Антон кивнул — что тут непонятно, стой на месте и жди, пока спектакль закончится, и поглядывай по сторонам. Жаль только, что нет возможности одеться потеплее — ветер усилился, и снегопад грозит превратиться в метель не хуже вчерашней.
— Очень хорошо, тогда за дело, — рыжеволосый потер руки, отчего из его рукава выпал крупный таракан, после чего все трое разошлись по определенным в диспозиции местам.
Глава 6
Занавес поднялся, и открылось убранство большой комнаты, украшенной к Новому году — всюду гирлянды, мишура, мерцают игрушки на елке, огромный камин, нарисованные на заднике окна. Зазвучала музыка, из-за кулис на сцену начали выбегать девочки с куклами в руках и мальчишки с саблями.
Поначалу Мишка решил, что это и вправду дети, потом сообразил, что переодетые взрослые.
— Ух ты! — выпалил он, и завертел головой, выискивая, куда бы сесть.
Ложа, куда его привели, казалась просторной, но больше напоминала забытый склад. Громоздились ящики, грудой были свалены стулья с отломанными ножками, отдельно стояло большое плюшевое кресло.
И только Мишка решил, что можно устроиться в нем, как дверь за его спиной раскрылась.
— Ой… — сказал он, понимая, что сейчас его раскроют и выгонят, что тут даже спрятаться некуда.

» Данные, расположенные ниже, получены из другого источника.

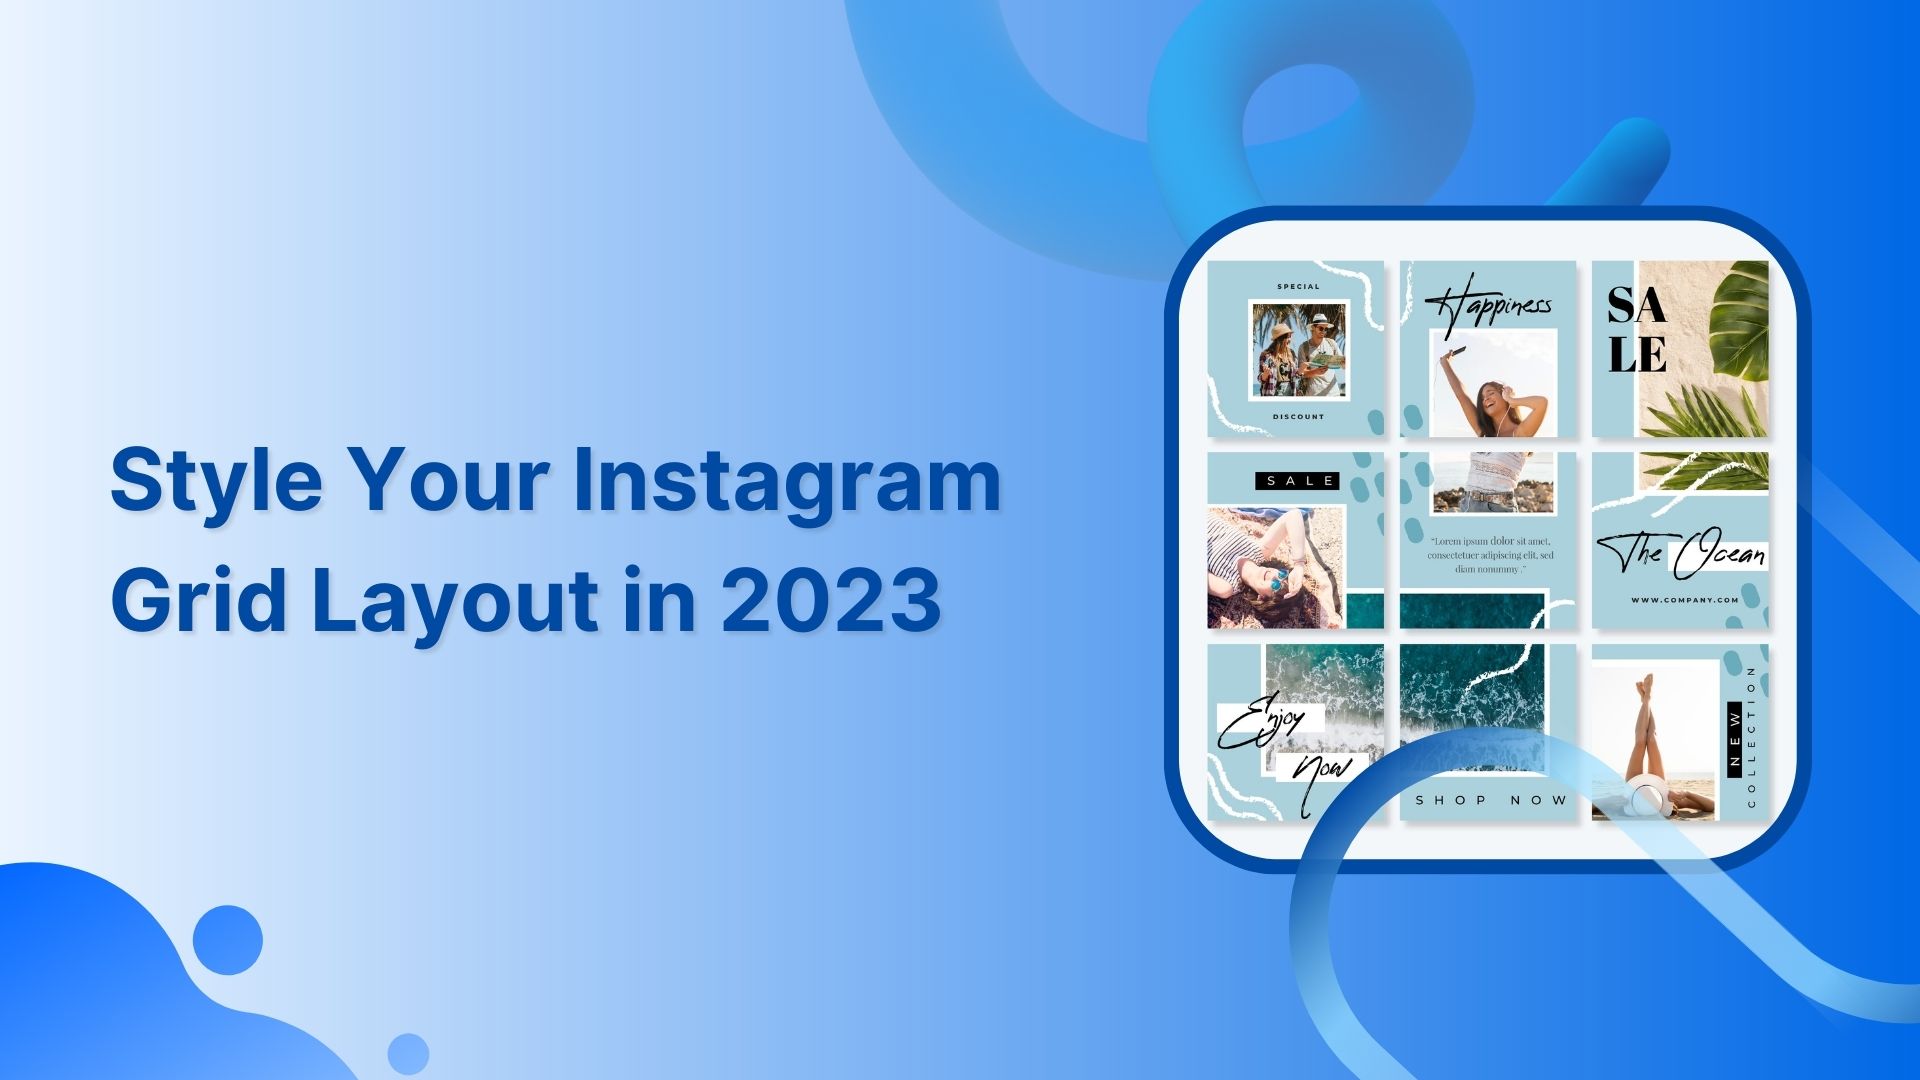 Style your Instagram Grid Layout in 2023

В ложу, опираясь на трость, шагнул высокий, тучный мужчина во фраке, бабочке и рубашке такой белоснежной, что в темноте она выглядела светившейся.
— Бонжур, молодой человек, — сказал он без малейшего удивления. — Я не помешал?
— Э, нет, — буркнул Мишка.
— Превосходно, — тучный поднес к глазам закрепленные на палочке очки без дужек. — Насколько я понимаю, это место занято? Ведь вы явились сюда прежде меня?
Очень хотелось сказать «да» — если не усесться в кресло, то придется извлекать стул из груды, а там все как на подбор колченогие. Но видно, что обладатель фрака и бабочки на трость опирается не просто так, дышит тяжело, как побегавшая на жаре собака, да и лицо белое, измученное, словно у больного.
— Садитесь, я пристроюсь как-нибудь, — сказал Мишка, отодвигаясь.
— Благодарю вас, молодой человек, — тучный, хромая и отдуваясь, двинулся к креслу. — Помню, давали «Торжество муз» на стихи Дмитриева, когда блистал несравненный Мочалов, и тогда я, еще юный и неискушенный, вынужден был смотреть спектакль стоя, — кресло скрипнуло. — Ох, еще раз благодарю…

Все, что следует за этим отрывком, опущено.